The First Circuit based its decision on the language of Section 806, its title and caption, the Act’s legislative history, and other principles of statutory interpretation. The "more natural reading" of the statutory language, the court said, is that it protects employees of publicly held companies from discrimination and harassment by their employers and by their employers’ contractors and sub-contractors; to read the language to bar discrimination against employees of those other entities "creates anomalies," such as reading the statutory language to cover an "employee" of an "employee." Id. at 17. (The court noted that some decisions have suggested that private company employees may be covered when their employer retaliates at a public company’s behest, but the court did not discuss whether those cases were correctly decided. Id. at 13 n.7.) The reference in the title and caption to employees of public companies was properly considered in interpreting the statute’s text, the court held, and other sections of Sarbanes-Oxley–and other whistleblower laws–confirmed that when Congress intended to provide broader coverage, it knew how to do so. For example, Section 1107 of Sarbanes-Oxley makes it a crime to engage in employment retaliation against certain government informants without regard to the type of company they work for. Id. at 22. "[T]he broad remedial goals of [a securities law] are insufficient justification for interpreting a specific provision more broadly than its language and the statutory scheme reasonably permit," the court observed, id. at 33 (citations and quotation marks omitted), and in any event the legislative history showed that "Congress’s primary concern [in enacting the provision] was the Enron debacle, which involved the stock of a highly visible publicly traded company"; "only employees of publicly traded companies are mentioned" in the congressional reports. Id. at 36-37.

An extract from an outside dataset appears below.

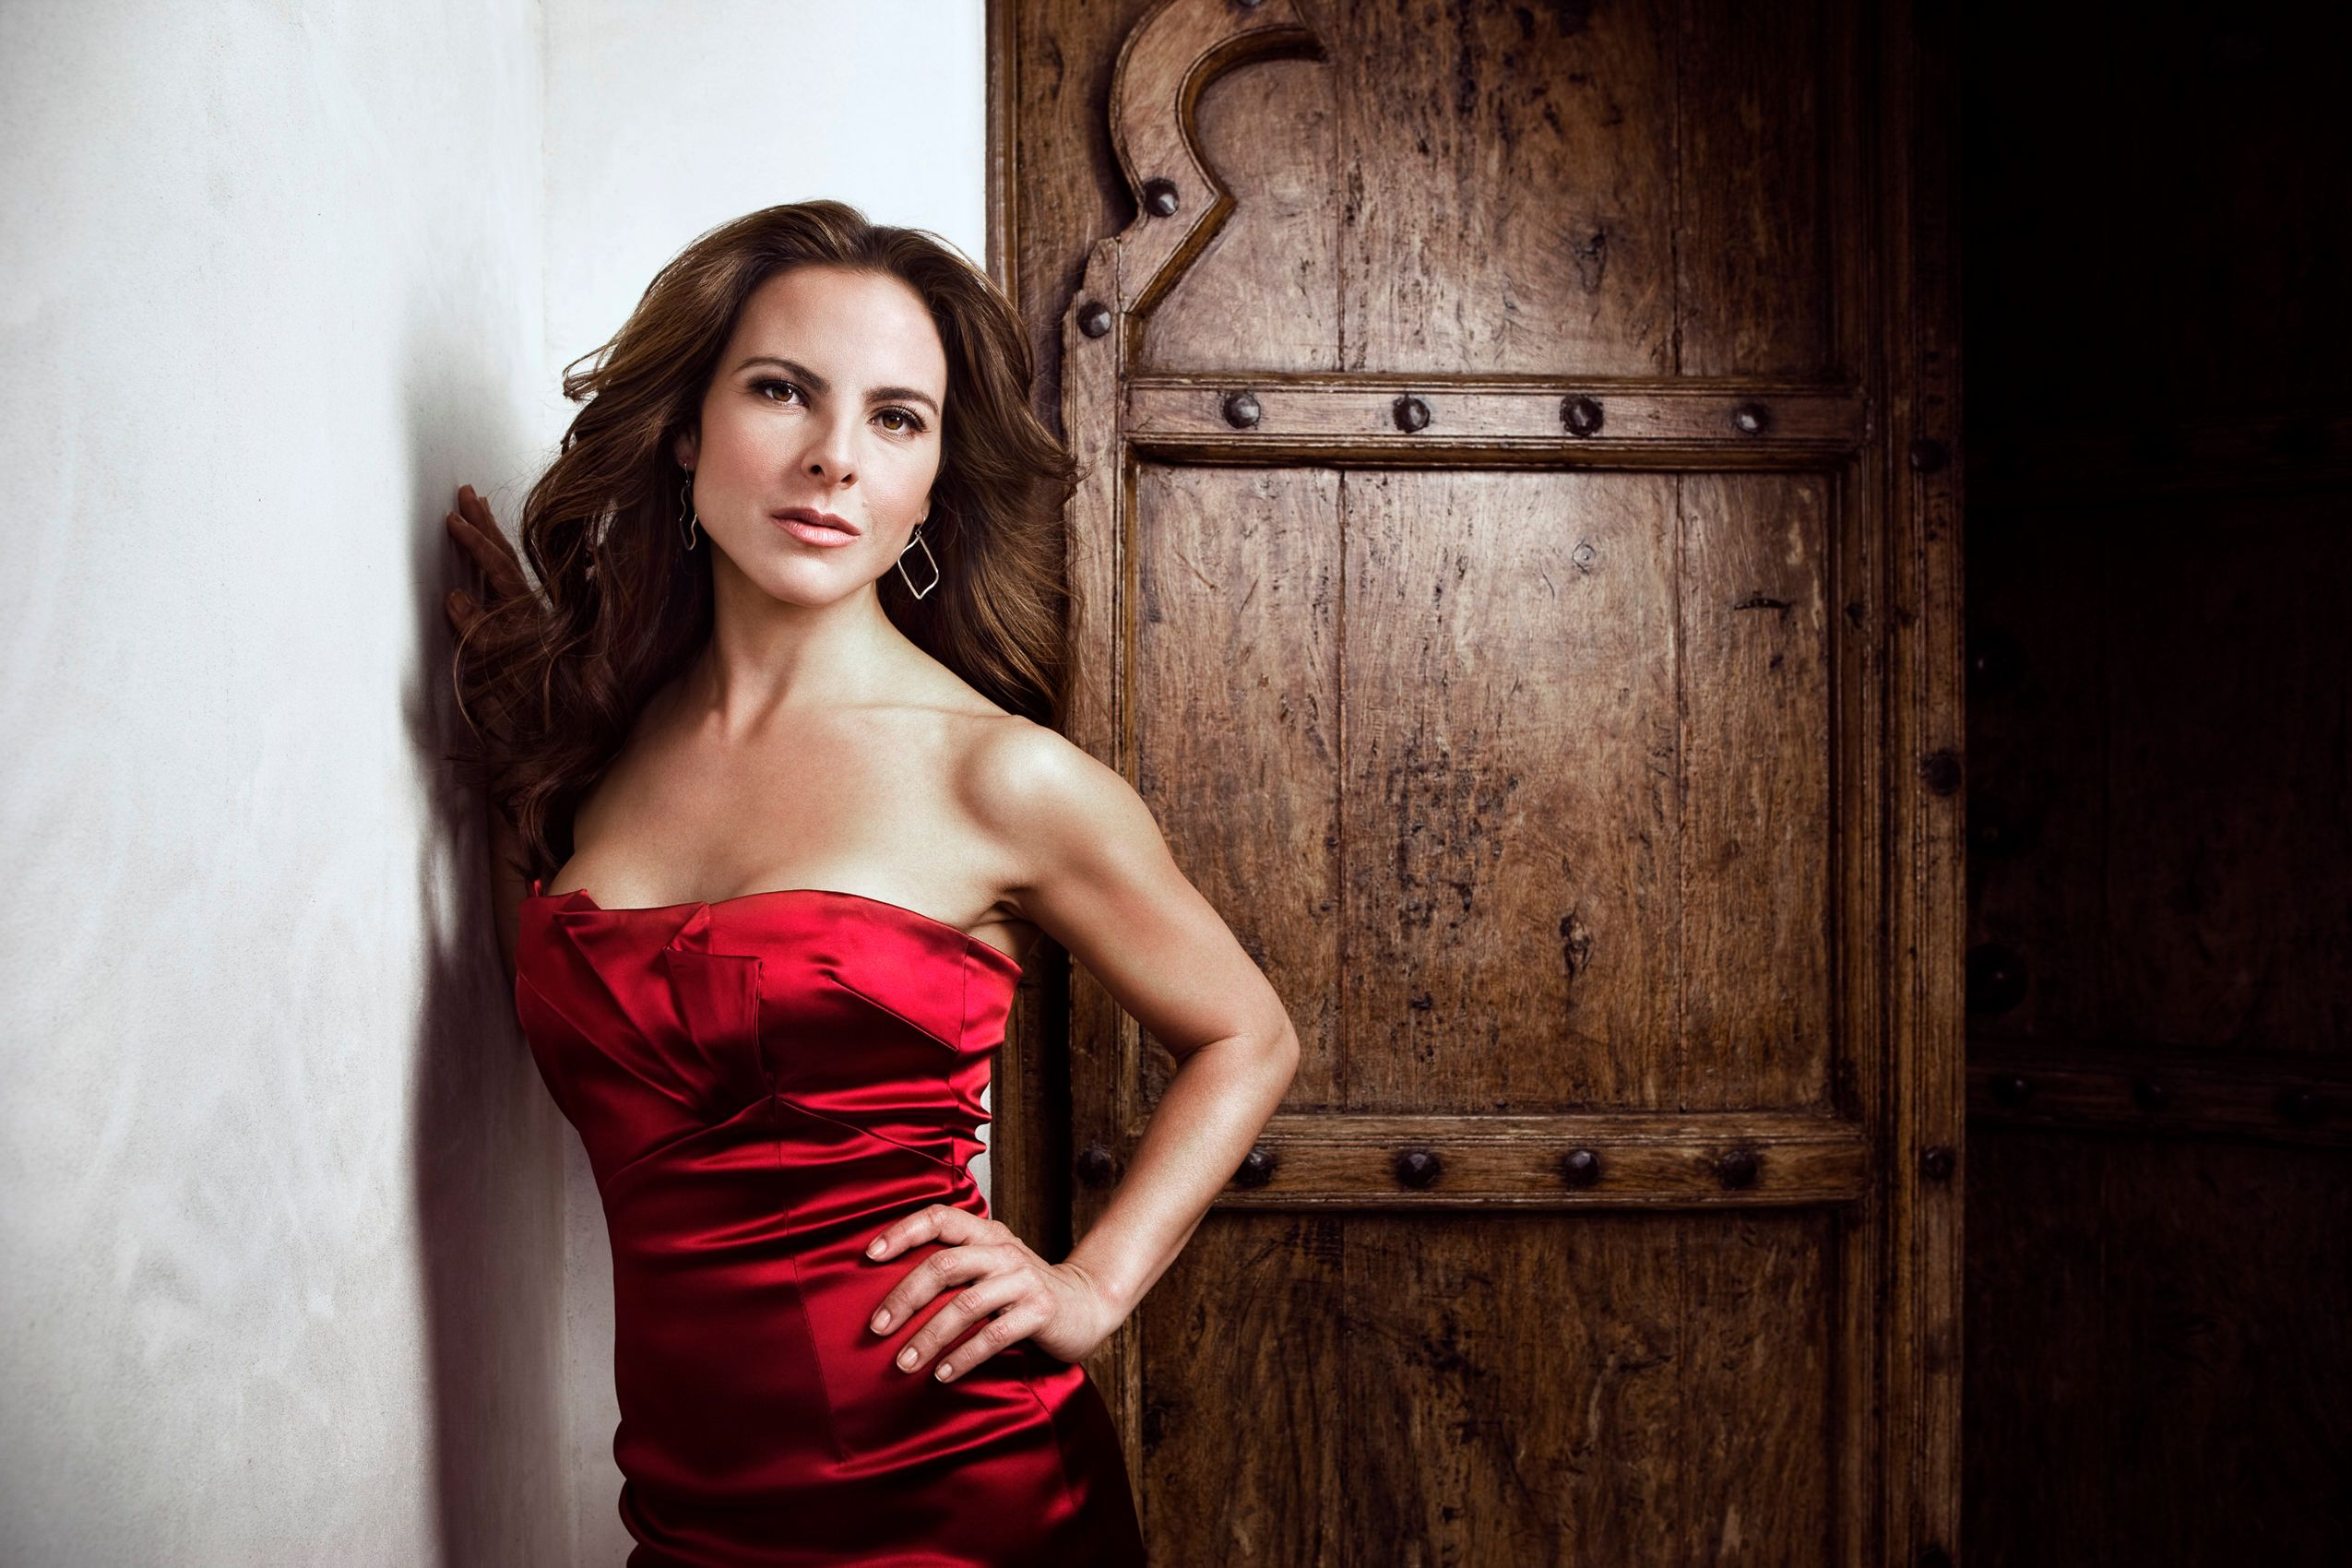 Kate-DelCastillo-el-chapo.jpg

The U.S. Department of Labor and the Securities and Exchange Commission filed amicus briefs arguing that plaintiffs were covered, but the court gave no deference to their interpretations because "Congress chose not to give authority to [either agency] to interpret the term ’employee’"; the term "is not ambiguous"; and the Labor Department’s procedural rules warranted neither Chevron nor Skidmore deference because the agency’s interpretation lacked "the power to persuade." Id. at 44, 48. An amicus brief supporting the defendants was filed by the U.S. Chamber of Commerce.

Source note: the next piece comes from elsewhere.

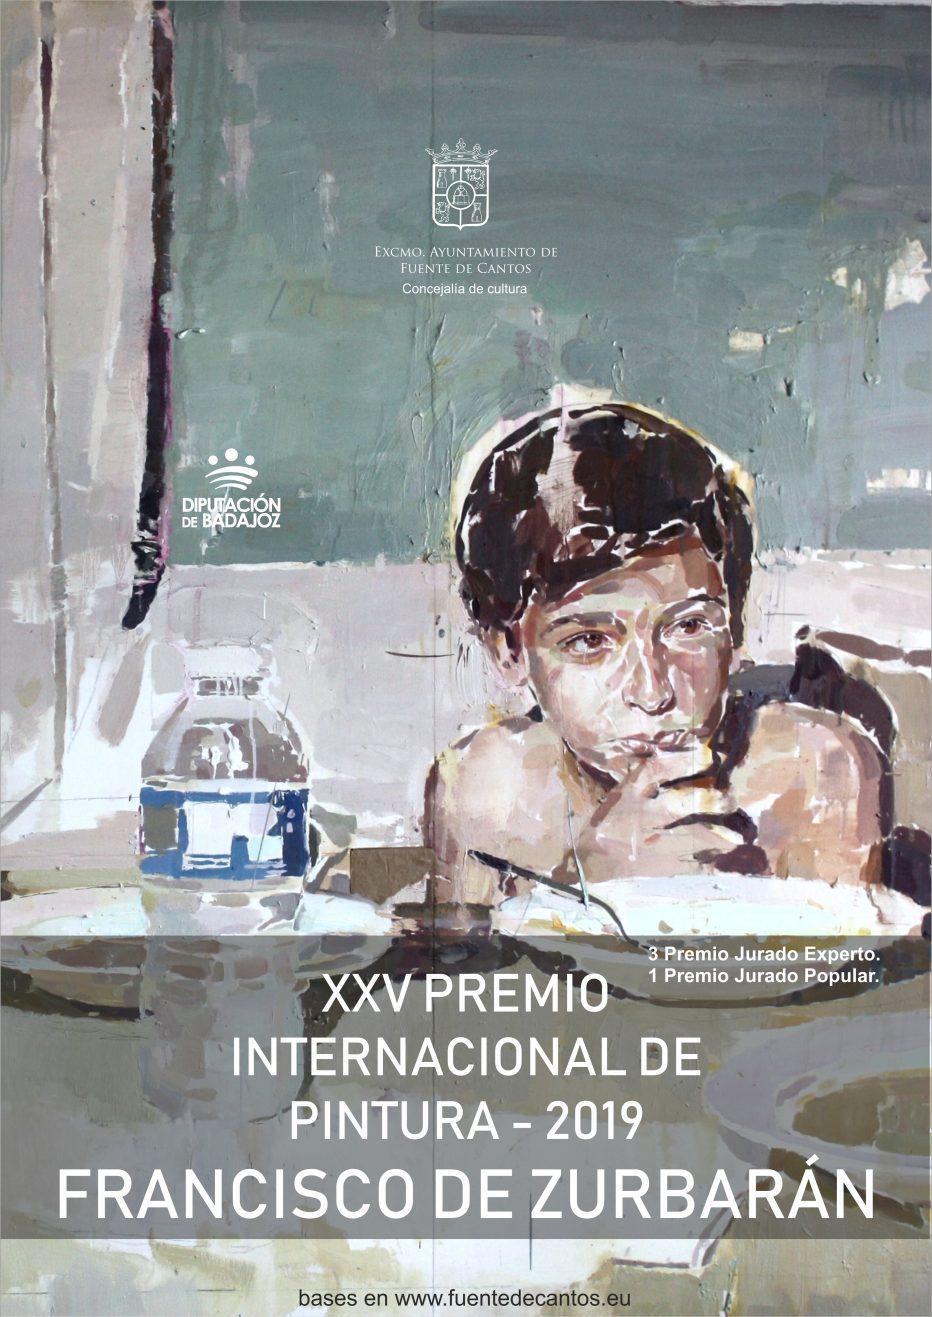 XXV PREMIO INTERNACIONAL DE PINTURA – 2019 FRANCISCO DE ZURBARÁN

Chief Judge Lynch wrote the decision, joined by Judge Howard. Judge Thompson filed a dissent.
The First Circuit’s decision rejects the far more sweeping coverage of SOX that would have resulted from the approach advocated by plaintiffs and their amici, since virtually all private companies have a contract of some kind with a publicly traded company. The ruling is particularly important in light of recent decisions by the Department of Labor that have broadened SOX coverage in other respects, including holding that the whistleblower provision encompasses a broad range of suspected fraud, not merely fraud on shareholders. Brown v. Lockheed Martin Corp., ARB No. 10-050 (Feb. 28, 2011).